Directions — A single stretch of the material below is to be transcribed exactly, starting at the line with "Bean' Stock Photo" and ending after the line with "Boutique vendant des".

Entries provided —
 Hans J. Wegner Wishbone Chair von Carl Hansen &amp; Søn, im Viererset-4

---

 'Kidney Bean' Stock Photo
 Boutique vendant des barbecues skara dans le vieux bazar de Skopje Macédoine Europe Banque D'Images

* * *

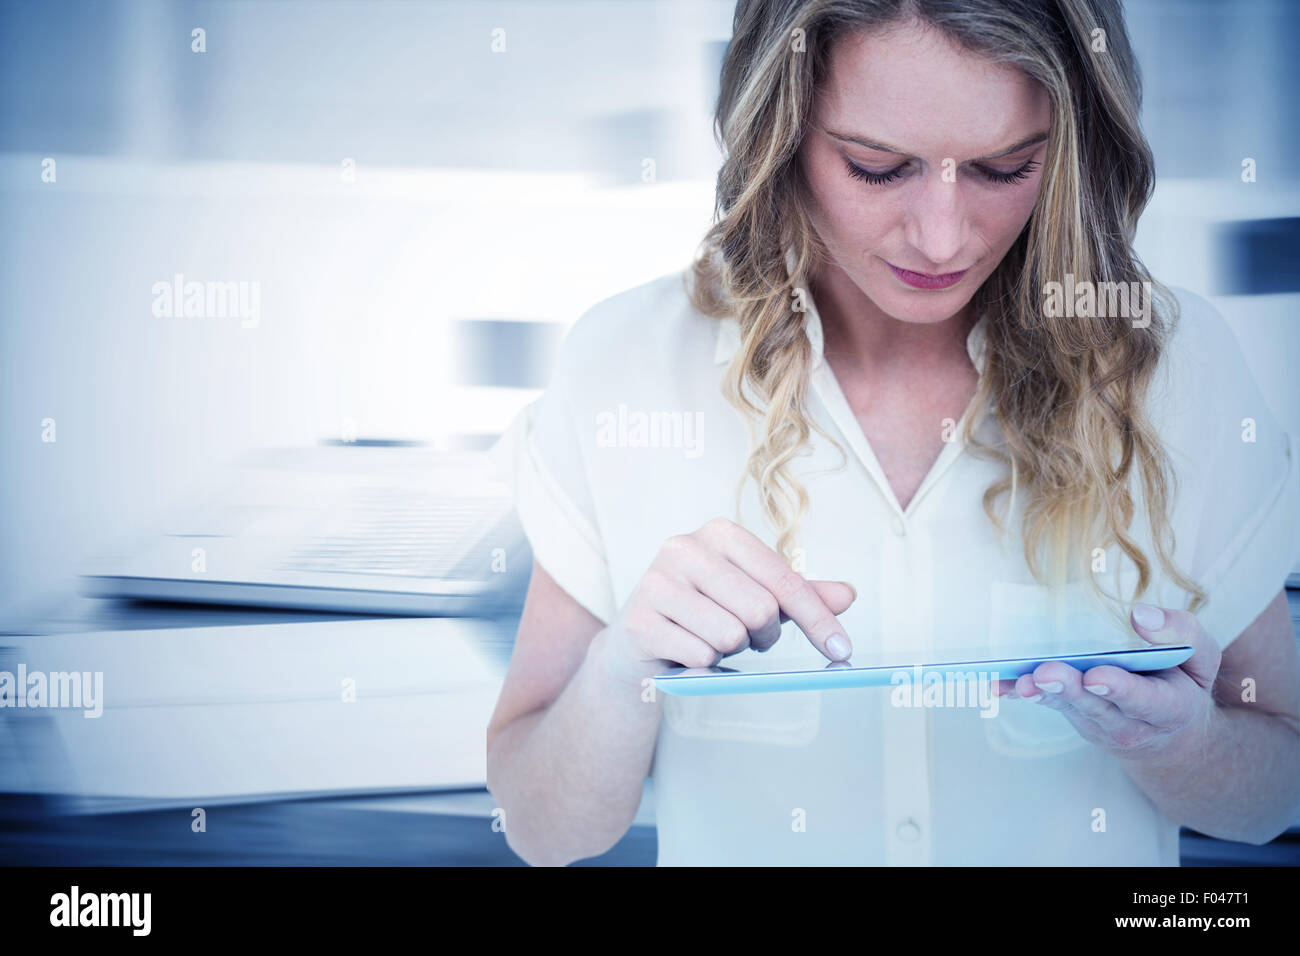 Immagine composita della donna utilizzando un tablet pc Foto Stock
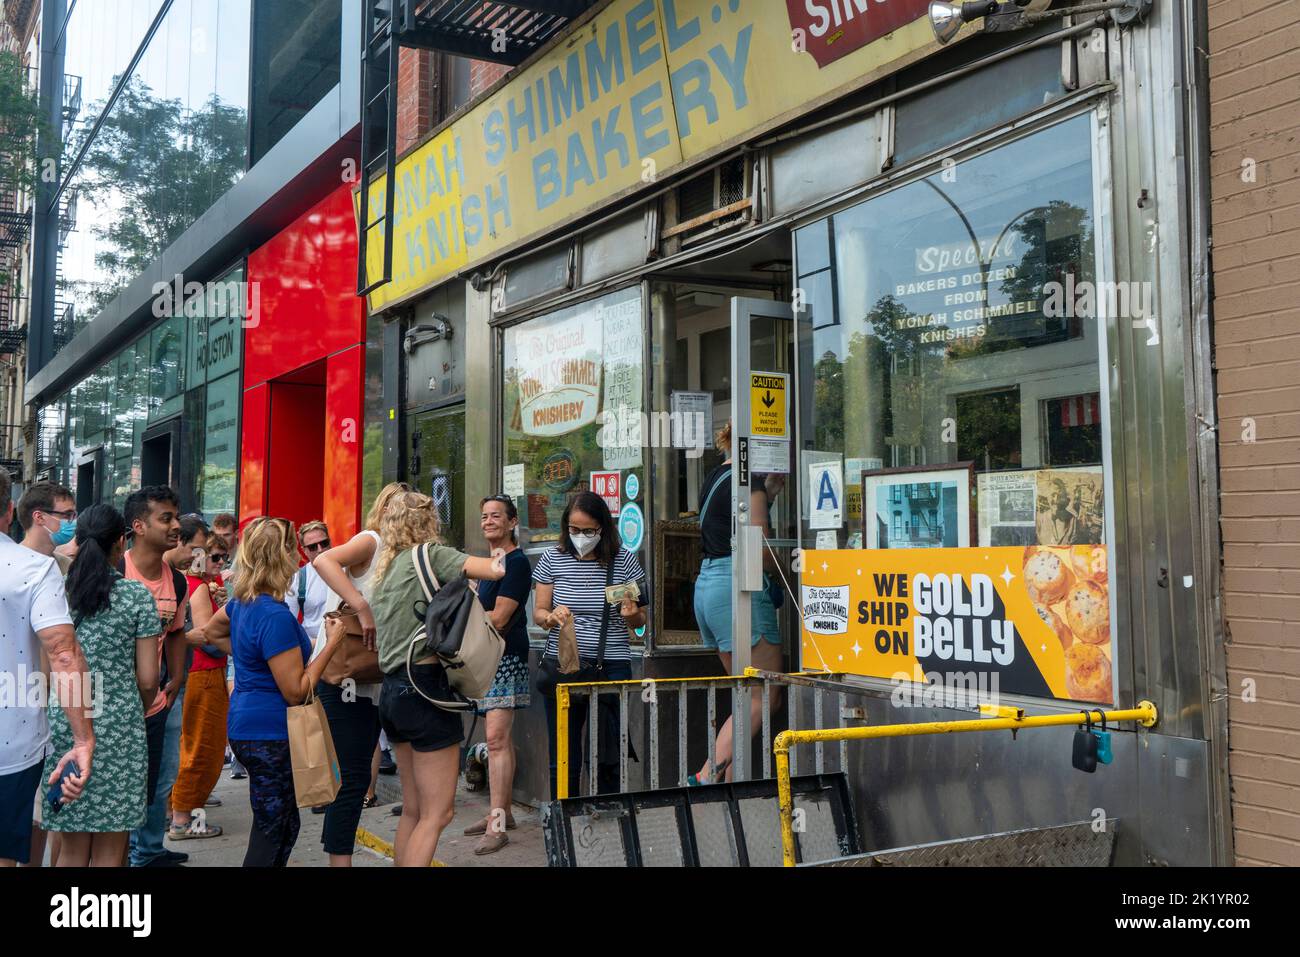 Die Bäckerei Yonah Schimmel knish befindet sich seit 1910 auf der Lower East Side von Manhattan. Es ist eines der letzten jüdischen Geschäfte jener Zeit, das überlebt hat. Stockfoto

Answer below —
 'Kidney Bean' Stock Photo
 Boutique vendant des barbecues skara dans le vieux bazar de Skopje Macédoine Europe Banque D'Images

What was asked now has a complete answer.